Assigned task: Write out, without any change, the lines in the material below that run from the line with "70er Jahre Schwarz" through the line with "Se entiende por", both included.

Available data:
____________

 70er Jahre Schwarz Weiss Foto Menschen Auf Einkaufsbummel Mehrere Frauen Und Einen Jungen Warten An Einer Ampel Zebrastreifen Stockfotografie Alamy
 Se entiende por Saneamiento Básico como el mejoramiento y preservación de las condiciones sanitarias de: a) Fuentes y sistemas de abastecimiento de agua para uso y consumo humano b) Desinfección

____________

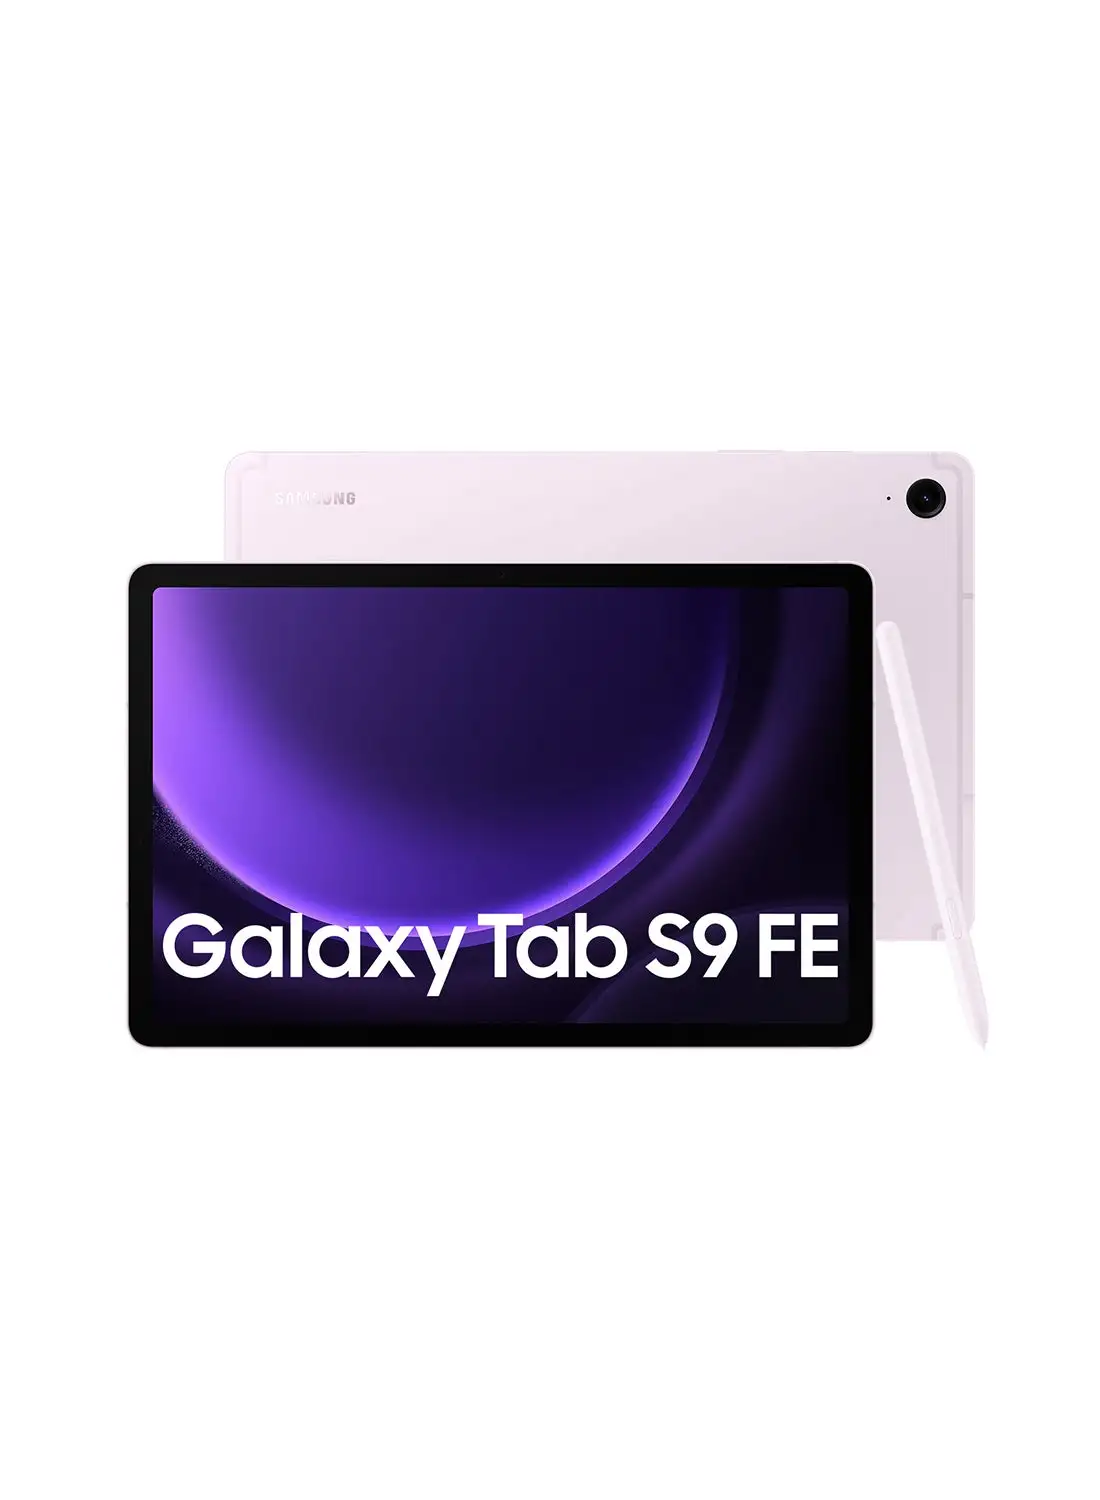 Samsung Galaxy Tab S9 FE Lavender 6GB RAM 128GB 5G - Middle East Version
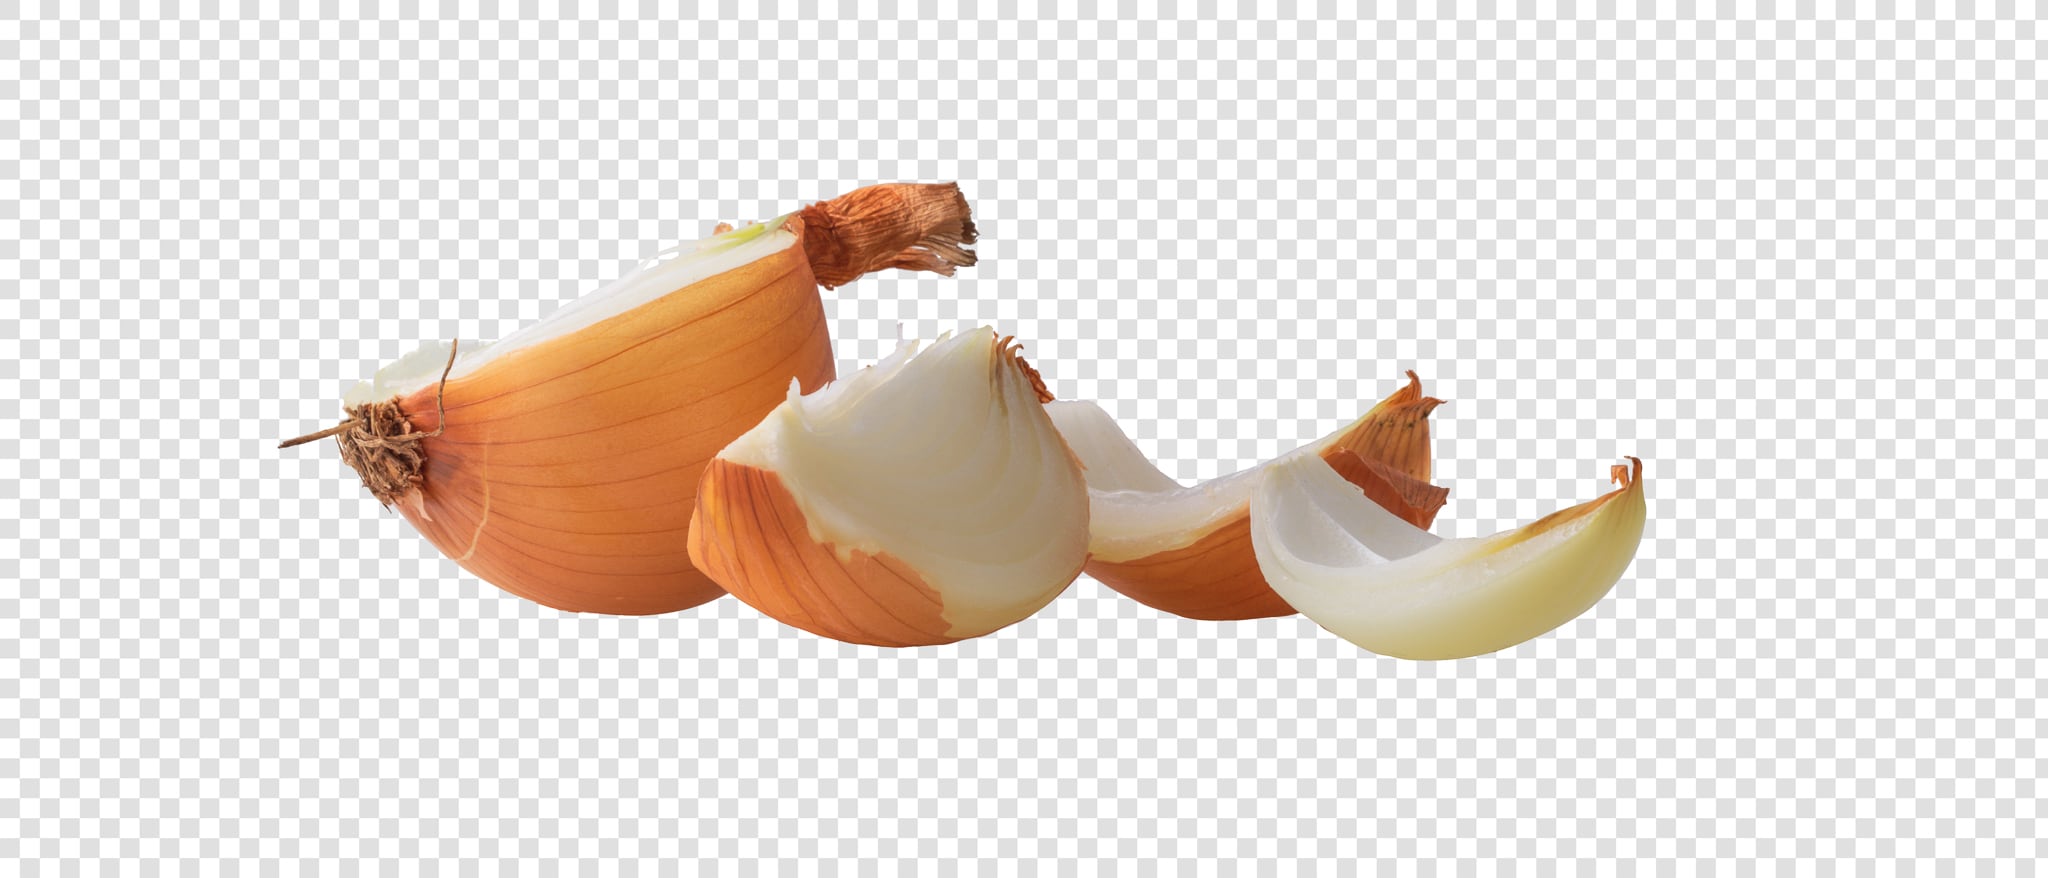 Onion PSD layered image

____________

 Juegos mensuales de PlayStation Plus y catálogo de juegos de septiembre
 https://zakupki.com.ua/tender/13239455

____________

Result:
 70er Jahre Schwarz Weiss Foto Menschen Auf Einkaufsbummel Mehrere Frauen Und Einen Jungen Warten An Einer Ampel Zebrastreifen Stockfotografie Alamy
 Se entiende por Saneamiento Básico como el mejoramiento y preservación de las condiciones sanitarias de: a) Fuentes y sistemas de abastecimiento de agua para uso y consumo humano b) Desinfección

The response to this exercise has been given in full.